YOUR GOAL:
After locating the line with "Chantenay Villedieu - Groupes" in the data that follows, return it and every later line exactly, up to and including the line with "企業VP爽やかダンスビートの再生済みの波形".
** RECORDS SHOWN follows **
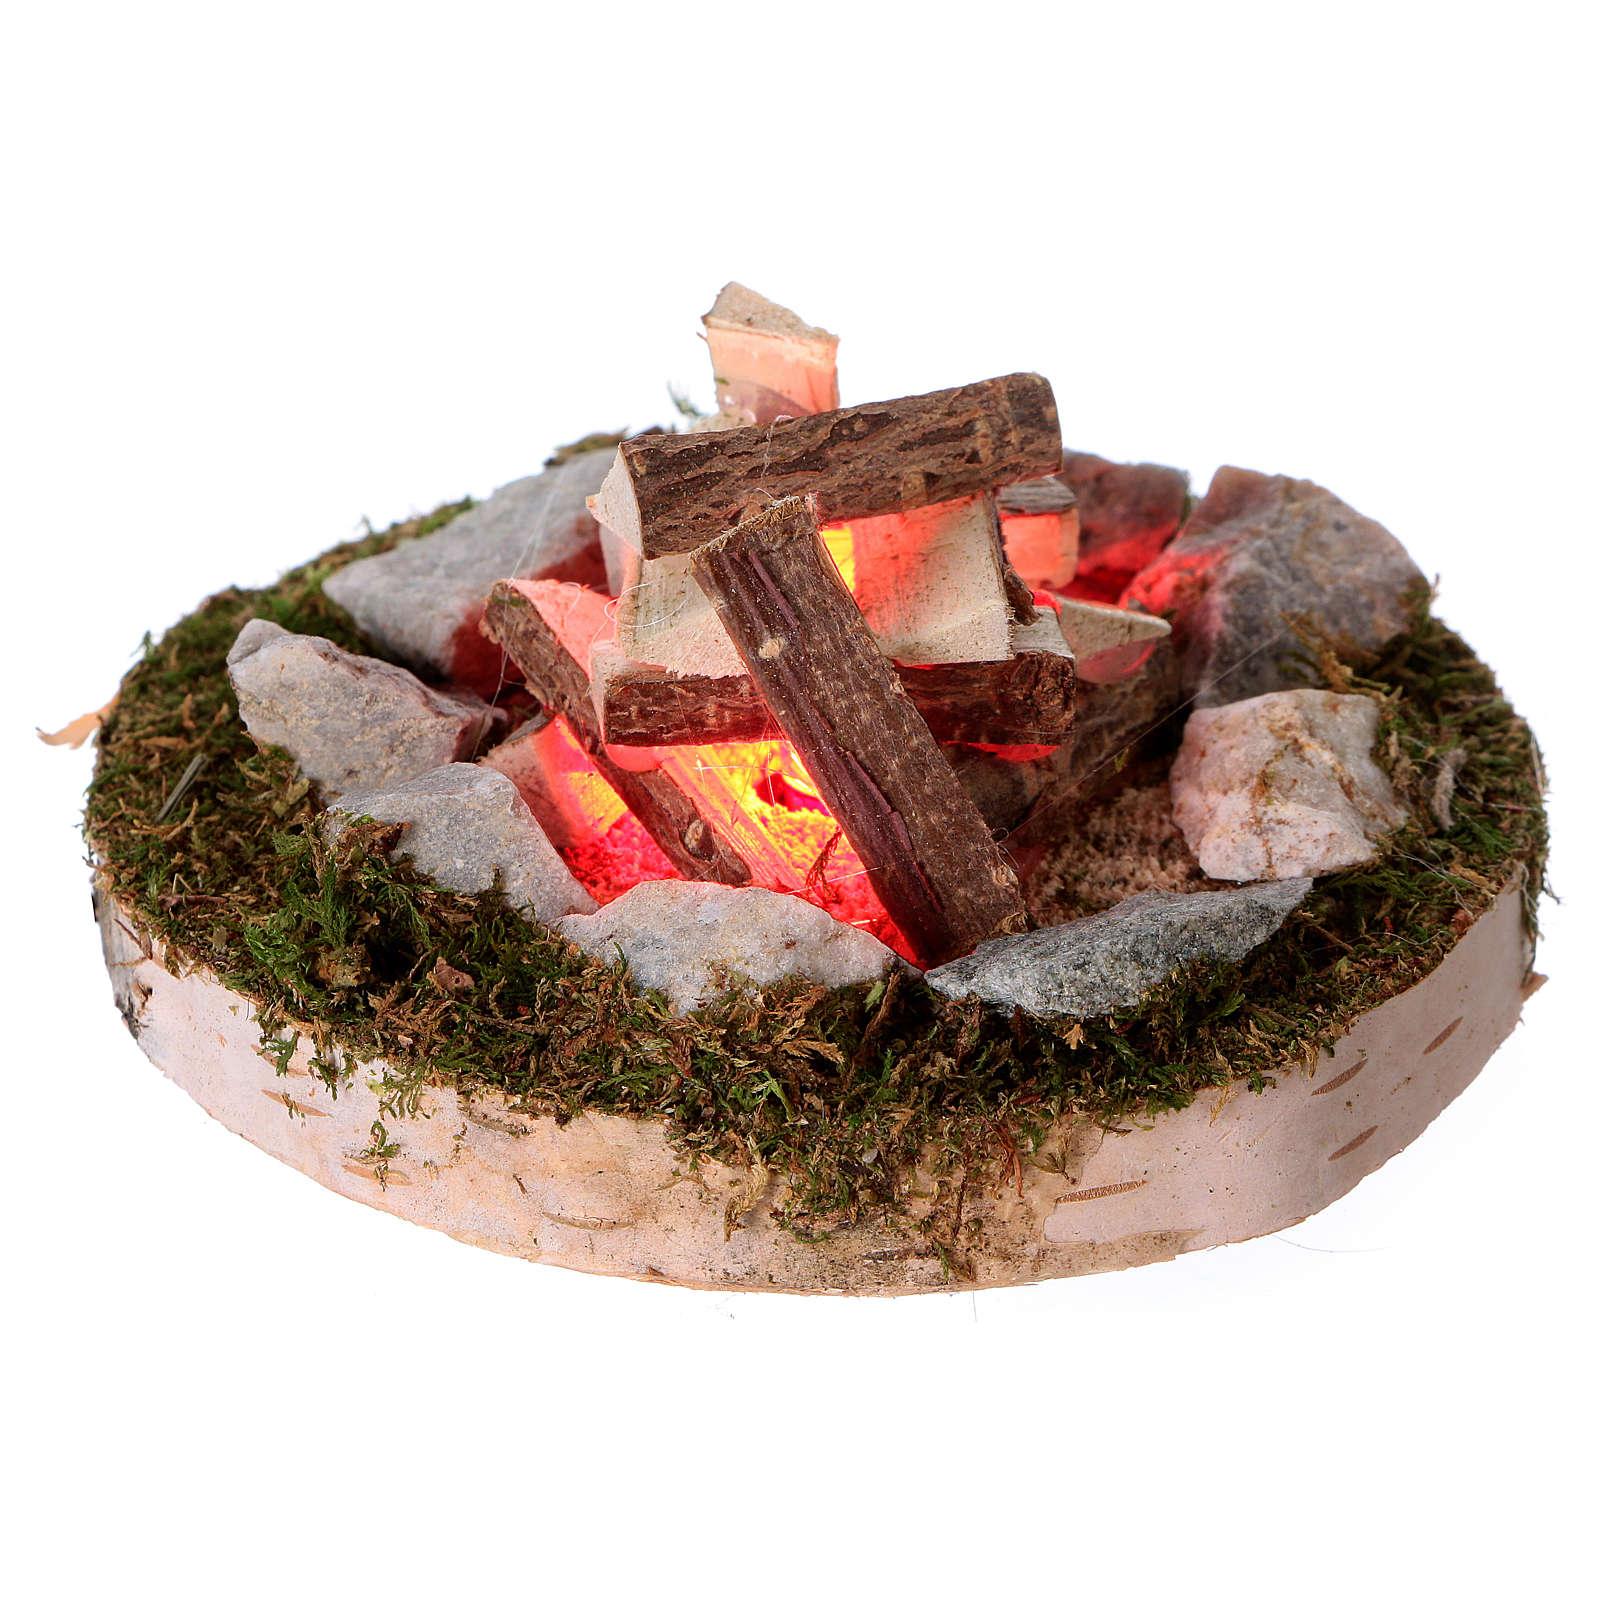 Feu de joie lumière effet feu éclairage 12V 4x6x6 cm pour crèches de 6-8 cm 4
** End of RECORDS SHOWN **
** RECORDS SHOWN follows **
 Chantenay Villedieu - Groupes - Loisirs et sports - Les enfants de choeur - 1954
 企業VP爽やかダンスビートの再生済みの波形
** End of RECORDS SHOWN **
OUTPUT:
 Chantenay Villedieu - Groupes - Loisirs et sports - Les enfants de choeur - 1954
 企業VP爽やかダンスビートの再生済みの波形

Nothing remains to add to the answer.